FIG. 2 is a block diagram showing a high frequency induction heating system for sealing a vehicle hood according to an embodiment of the present invention. FIG. 3 is a view schematically showing the operation of the induction heating system according to an embodiment of the present invention A high frequency induction heating system for sealing a vehicle hood according to the present invention includes a heating coil 100, a high frequency generating unit 200, a feeding unit 300, a temperature sensor 400, a distance measuring sensor 500, 600 and a temperature regulating unit 700. [

The heating coil 100 generates a high frequency magnetic field by receiving a high frequency current from the high frequency generator 200 and heats the hemming portion of the hood 1000 by the generated magnetic field. That is, the heating coil 100 receives an alternating current having a high frequency from the high frequency generating part 200 and induces heating by eddy current loss or the like on the hemming part of the vehicular hood 1000, which is a metal conductor.

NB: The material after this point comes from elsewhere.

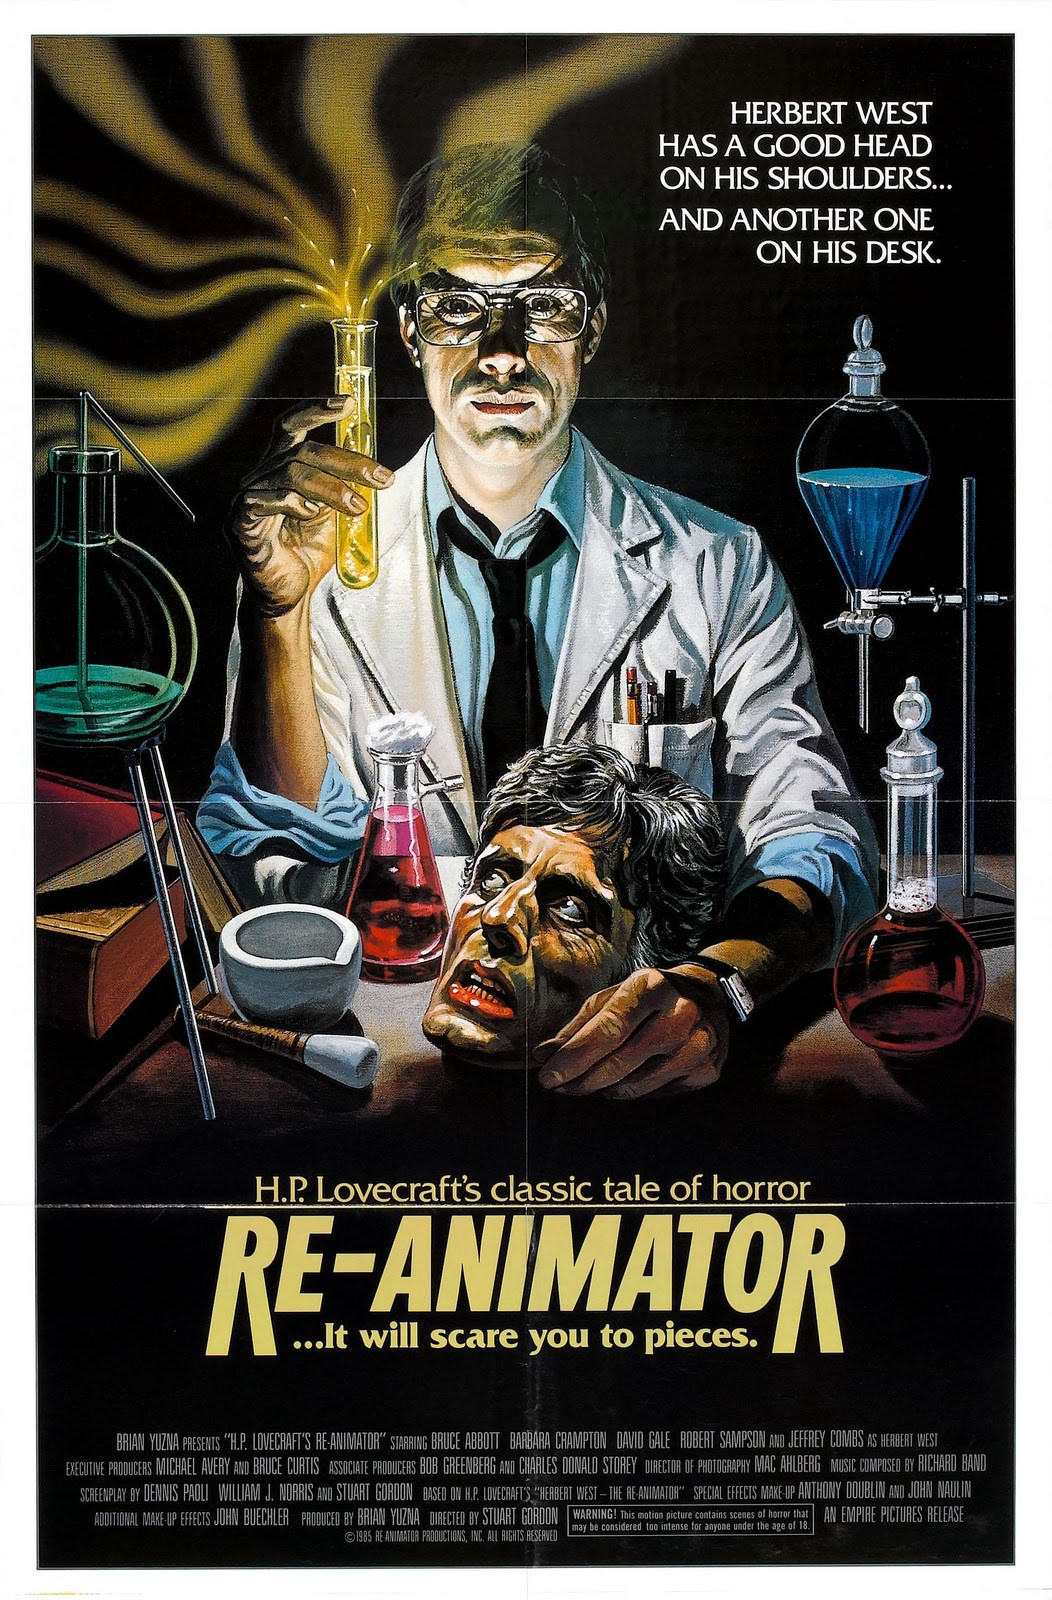 LOVECRAFT et le cinéma : Re-Animator

At this time, the adhesive sealer applied between the outer panel and the inner panel of the automotive hood 1000 is heated by induction heating of the automotive hood 1000 to return to the state before curing, and thereafter, 1000 is cooled, the hardening temperature is reached, and the outer panel and the inner panel of the vehicle hood 1000 are firmly fixed. The adhesive sealer may be a component of a composition comprising 30% PVC resin, 30% CaCO3, 3% polyamide, 34% diisodecyl phthalate (DIDP) and the balance of impurities, but is not limited thereto.

On the other hand, when the adhesive sealer applied between the outer panel and the inner panel of the vehicle hood 1000 is a thermosetting material, it is heated in a short time by induction heating of the vehicle hood 1000, 1000) is firmly fixed to the outer panel and the inner panel.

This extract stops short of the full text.